WHAT YOU HAVE TO DO: In the data below, find the line that contains "The interior is" and the line that contains "Includes lock, two". Copy both, plus every line between them, exactly.

PROVIDED RECORDS:
■ ■ ■ ■ ■ ■ ■
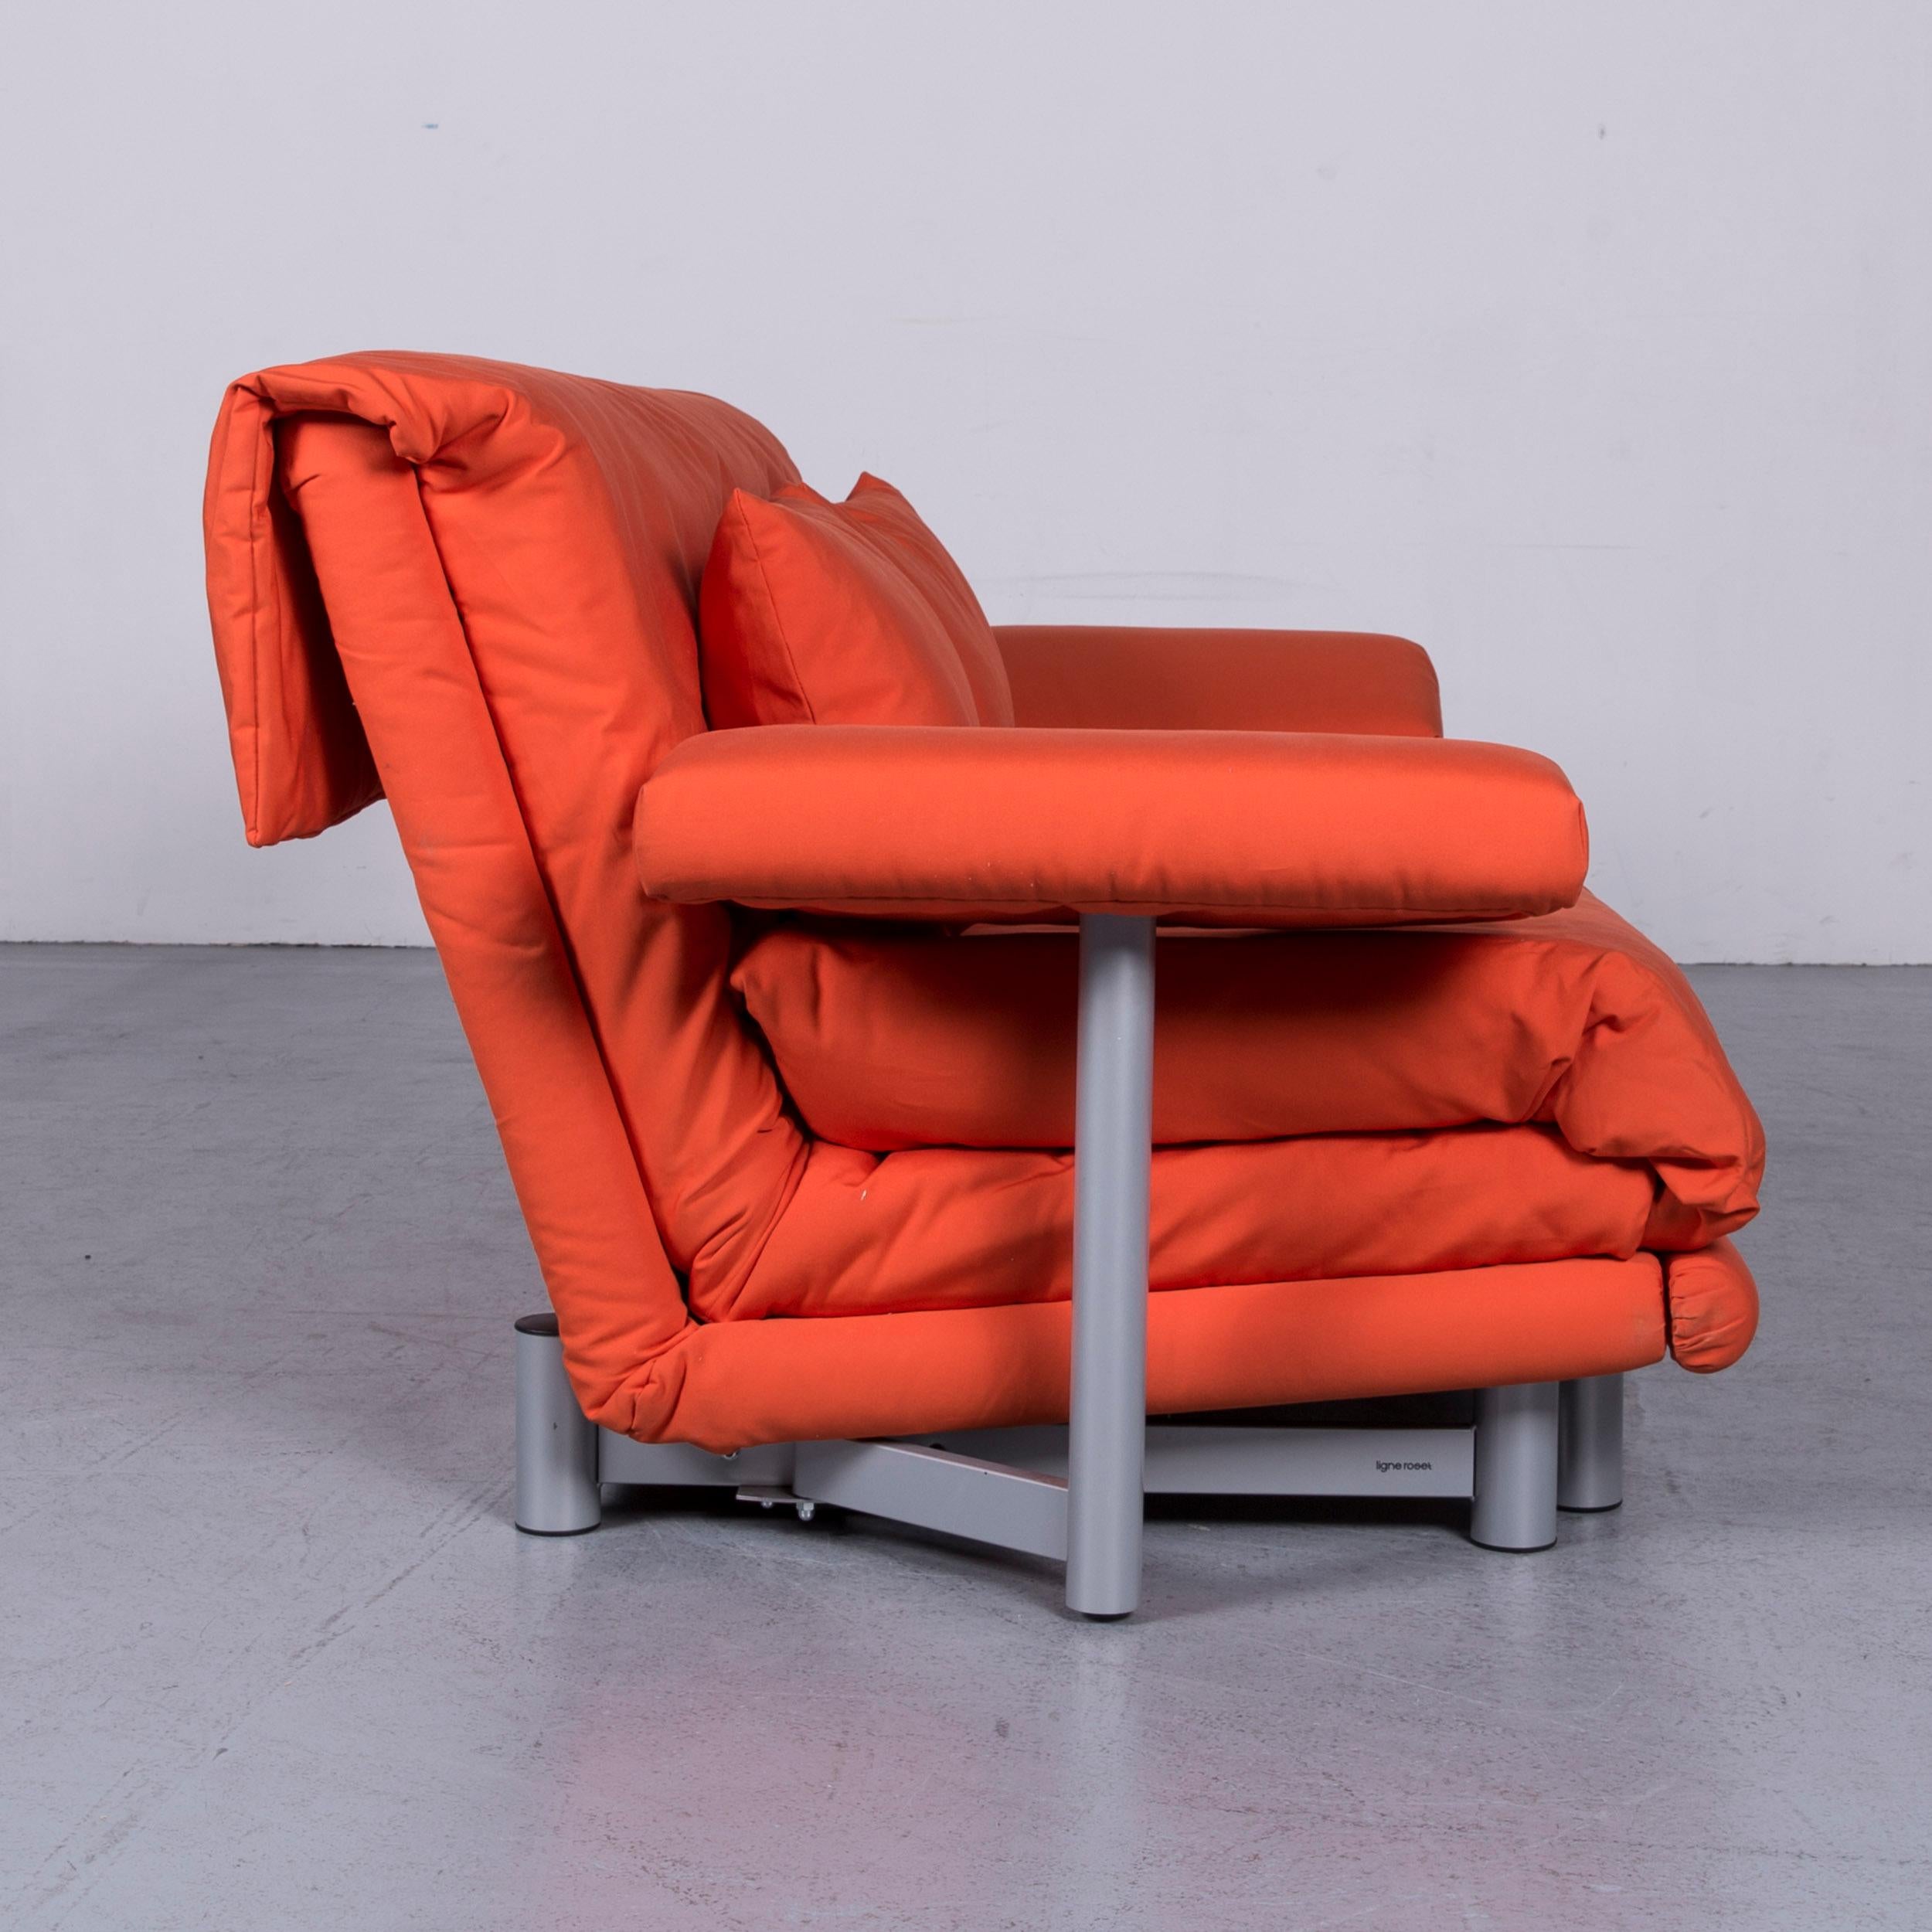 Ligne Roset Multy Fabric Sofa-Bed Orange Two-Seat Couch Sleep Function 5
■ ■ ■ ■ ■ ■ ■
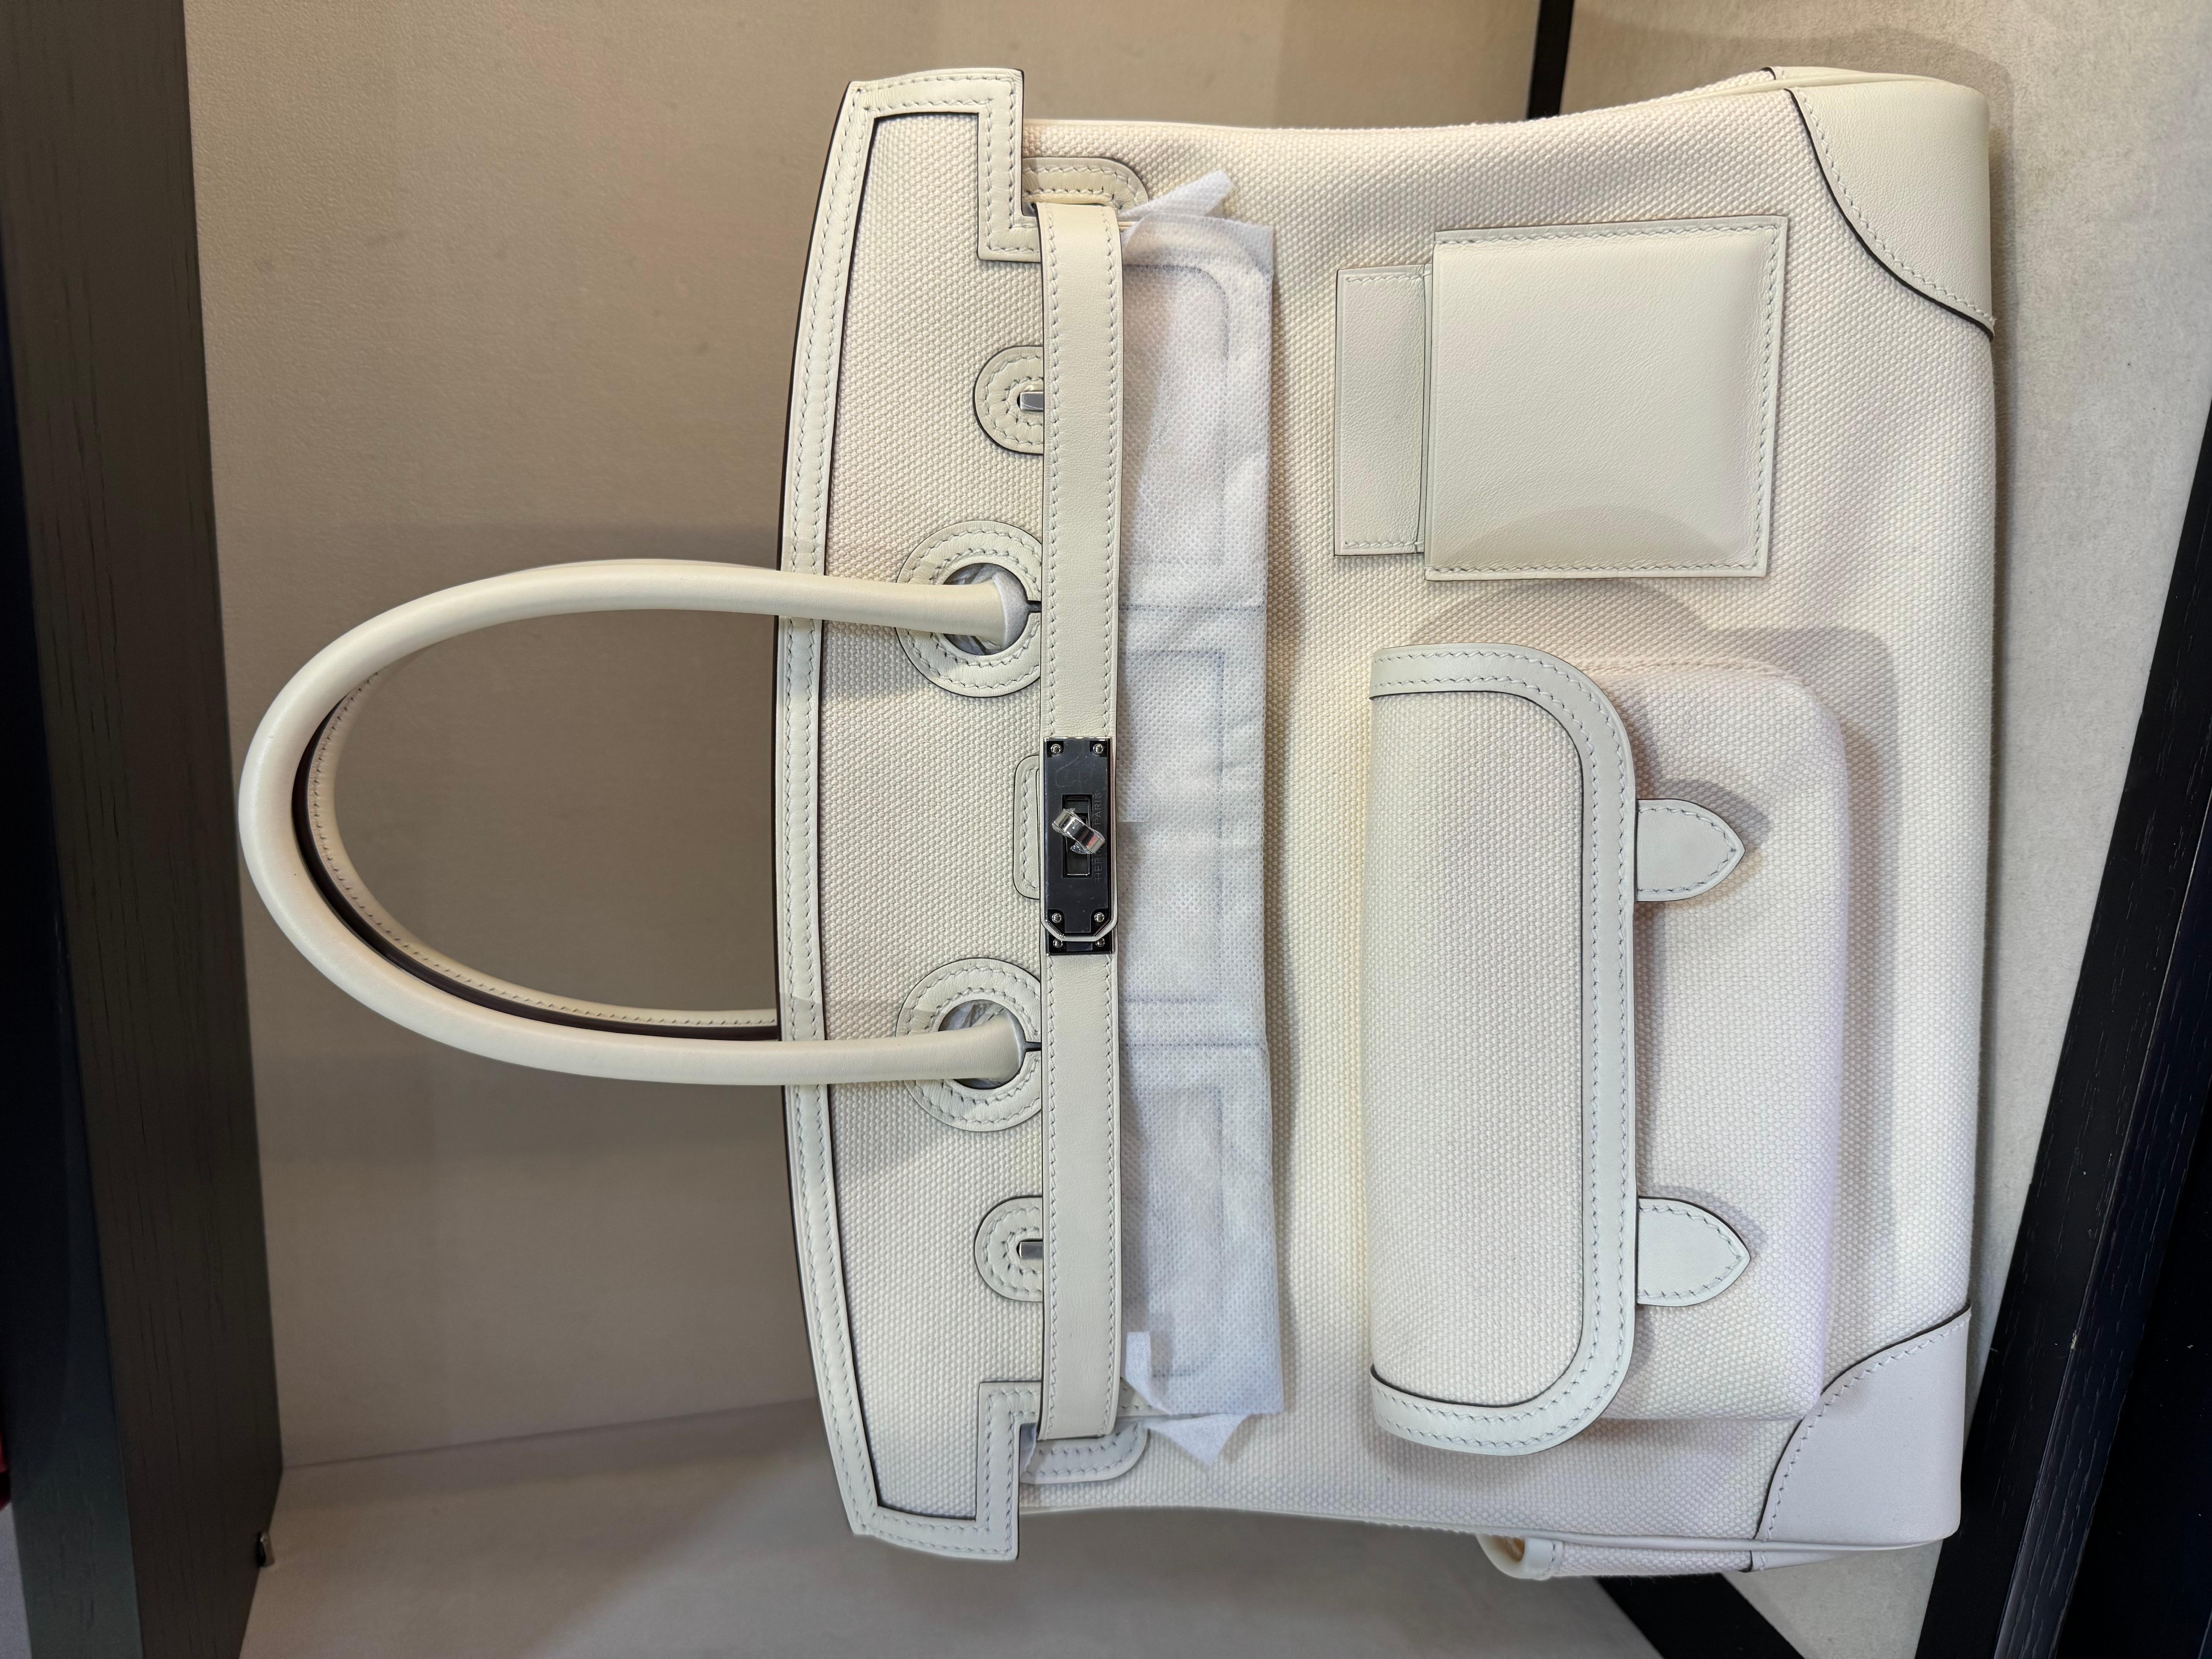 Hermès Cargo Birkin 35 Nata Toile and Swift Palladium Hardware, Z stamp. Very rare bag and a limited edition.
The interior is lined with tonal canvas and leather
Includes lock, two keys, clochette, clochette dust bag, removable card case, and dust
■ ■ ■ ■ ■ ■ ■
RESPONSE:
The interior is lined with tonal canvas and leather
Includes lock, two keys, clochette, clochette dust bag, removable card case, and dust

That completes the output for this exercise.